Uygulanan yanlık politikalar ile güvenli su ve gıdaya erişimin olumsuz yönde etkilendiğine işaret eden Kösemeci; “Su konusunda tehlike çanları çalmaktadır. Artık gelinen nokta bir an önce kamu eliyle alınacak önlemlerin hayata geçirilmesini, daha fazla zaman yitirilmemesini gerektirmektedir. Kuraklık ve yeraltı sularında yaşanan kirlenme tüm dünyanın çözüm bekleyen büyük sorunudur.  Tarım ve gıda sektörü susuzluğun, su kirliliğinin mağduru ve aynı zamanda bir yönüyle de sorumlusudur. Tarımda kontrolsüz pestisit kullanımı, doğal olsun kimyasal olsun yanlış gübre kullanımı, bilinçsiz endüstriyel tarım, çevre koruma gerekliliklerine uymayan işletmeler su kaynaklarını olumsuz yönde etkilemektedir. Su, toprak ve gıda güvenliği ile su ve gıda güvencesi büyük bir bütünün ayrılmaz parçalarını oluşturmaktadırlar. Tek tek her birinde atılacak olumlu adımlar diğerlerini de olumlu etkileyecektir. Mevcut durumdaki gibi uygulanan yanlış politikalar veya denetim yetersizliği güvenli su ve gıdaya erişimi olumsuz yönde etkilemektedir” ifadelerine yer verdi.

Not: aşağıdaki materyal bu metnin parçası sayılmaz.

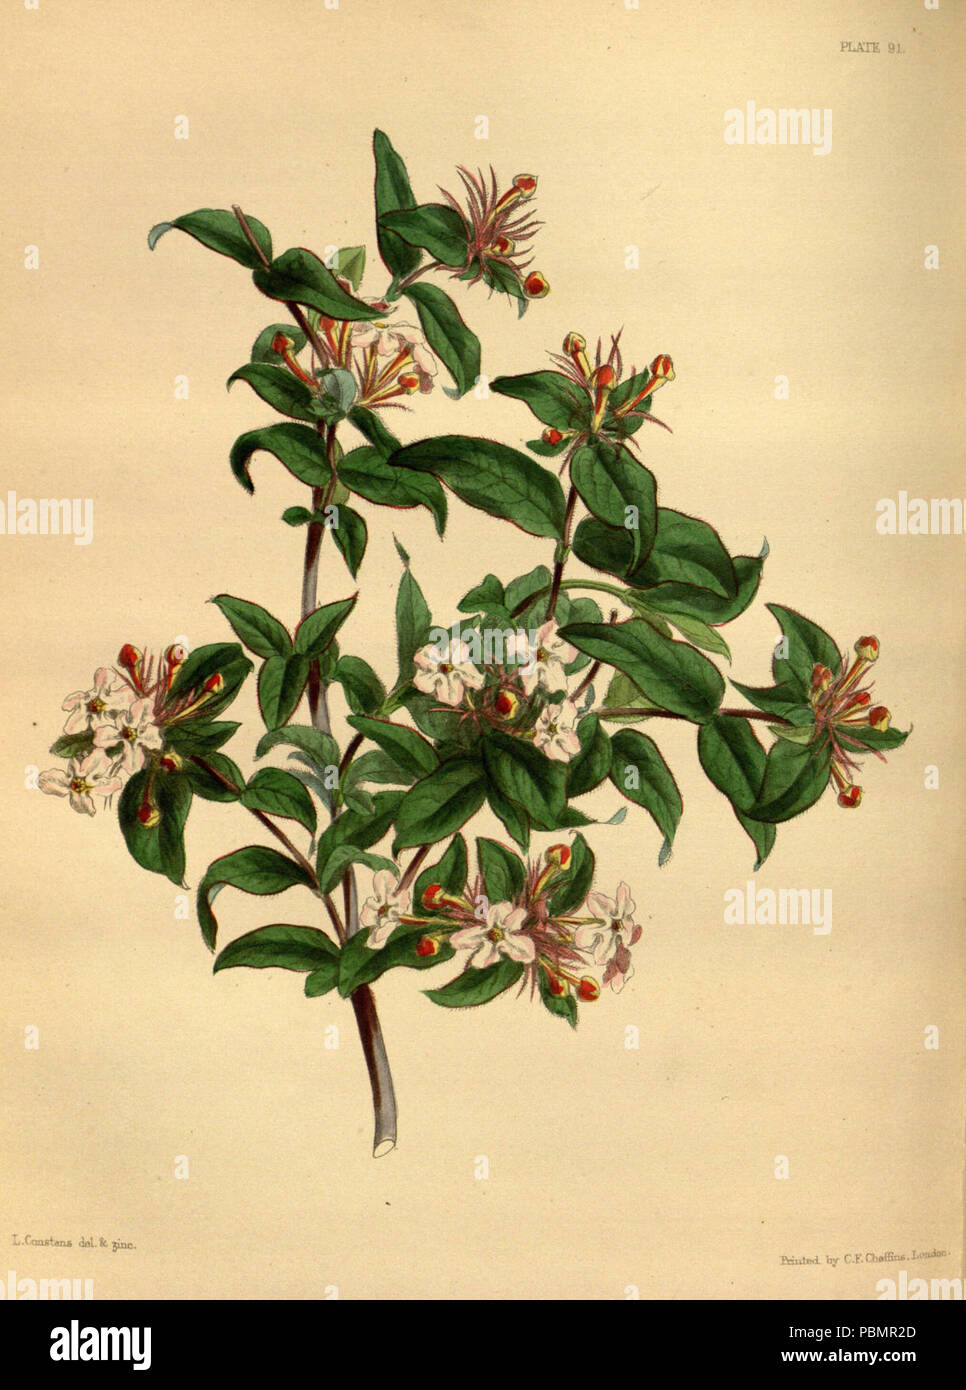 Abelia triflora paxton 091. Stock Photo

“DÜNYADA SU TÜKETİMİNİN % 70’İ SULAMA AMAÇLI OLARAK TARIMDA GERÇEKLEŞMEKTEDİR”

Cem Kösemeci, sularda kirliliği önlemede yapılan yasal düzenlemenin yetersiz kaldığına vurgu yaparak; “Dünyada su tüketiminin % 70’i sulama amaçlı olarak tarımda gerçekleşmektedir. Yine yeraltı sularının kirlenmesinde kuralına uygun olarak uzaklaştırılmayan hayvansal atıkların, organik maddelerin, pestisitlerin, nitrat ve fosfatlı gübrelerin önemli payı vardır. Tarımda pestisit kullanımı ve sulama teknikleri mutlaka izlenmeli, yönlendirilmeli ve gereği gibi denetlenmelidir.

“SU KAYNAKLARINI KORUYACAK YATIRIMLAR KAMU ELİYLE BİR AN EVVEL YAPILMALI”

Atıkların doğaya salınmaması veya sularda kirliliği önleme konusunda yapılan yasal düzenlemeler tek başına yeterli olmamaktadır. Tarım ve gıda sektörüne kamucu bakışla yaklaşmak; atık ve gübreleri değerlendirerek su kaynaklarını koruyacak yatırımları kamu eliyle ve bir an evvel yapmak önemli ve vazgeçilmez bir adımdır.

Halkımızın içme kullanma suyunu sağlayan şebeke suyu, ülkemizde her zaman ücretli olmuştur ve toplum buna öylesine alıştırılmıştır ki aksi düşünülmemiştir. Oysa su haktır. Suyu ticari bir meta haline getirip para ile alınır satılır yapmak insanlık değerlerine aykırıdır. Kamu yöneticileri halkın güvenli suya yeterli miktarda ve ücretsiz olarak ulaşmasını sağlamakla yükümlüdür” şeklinde konuştu.

“SULARI KORUMAK HEPİMİZİN ORTAK SORUMLULUĞUDUR”

Suları koruyup temiz tutarak gelecek nesillere yaşanır bir gelecek bırakmanın herkesin ortak sorumluğunu olduğunu ifade eden Cem Kösemeci; “Çevre, iklim, tarım, gıda, toprak su politikalarında bir an evvel katılımcı bir yaklaşım benimsenmeli ve başta kamu kurumu niteliğinde meslek odaları olmak üzere bilim insanları ve ilgili kesimler sürece dahil edilmelidir. Su yönetimi multidisipliner bir konudur. Gerekli bilgi paylaşımını sağlayacak yaklaşım geliştirilmelidir.  Kısa, orta ve uzun vadeli iklim değişikliği, kuraklık senaryoları yapılarak gereken adımlar şimdiden atılmalıdır. Yarın çok geç olabilir. Su, yaşamın kaynağıdır. Suları korumak ve temiz tutarak gelecek nesillere yaşanır bir dünya bırakmak hepimizin ortak sorumluluğudur” diye konuştu.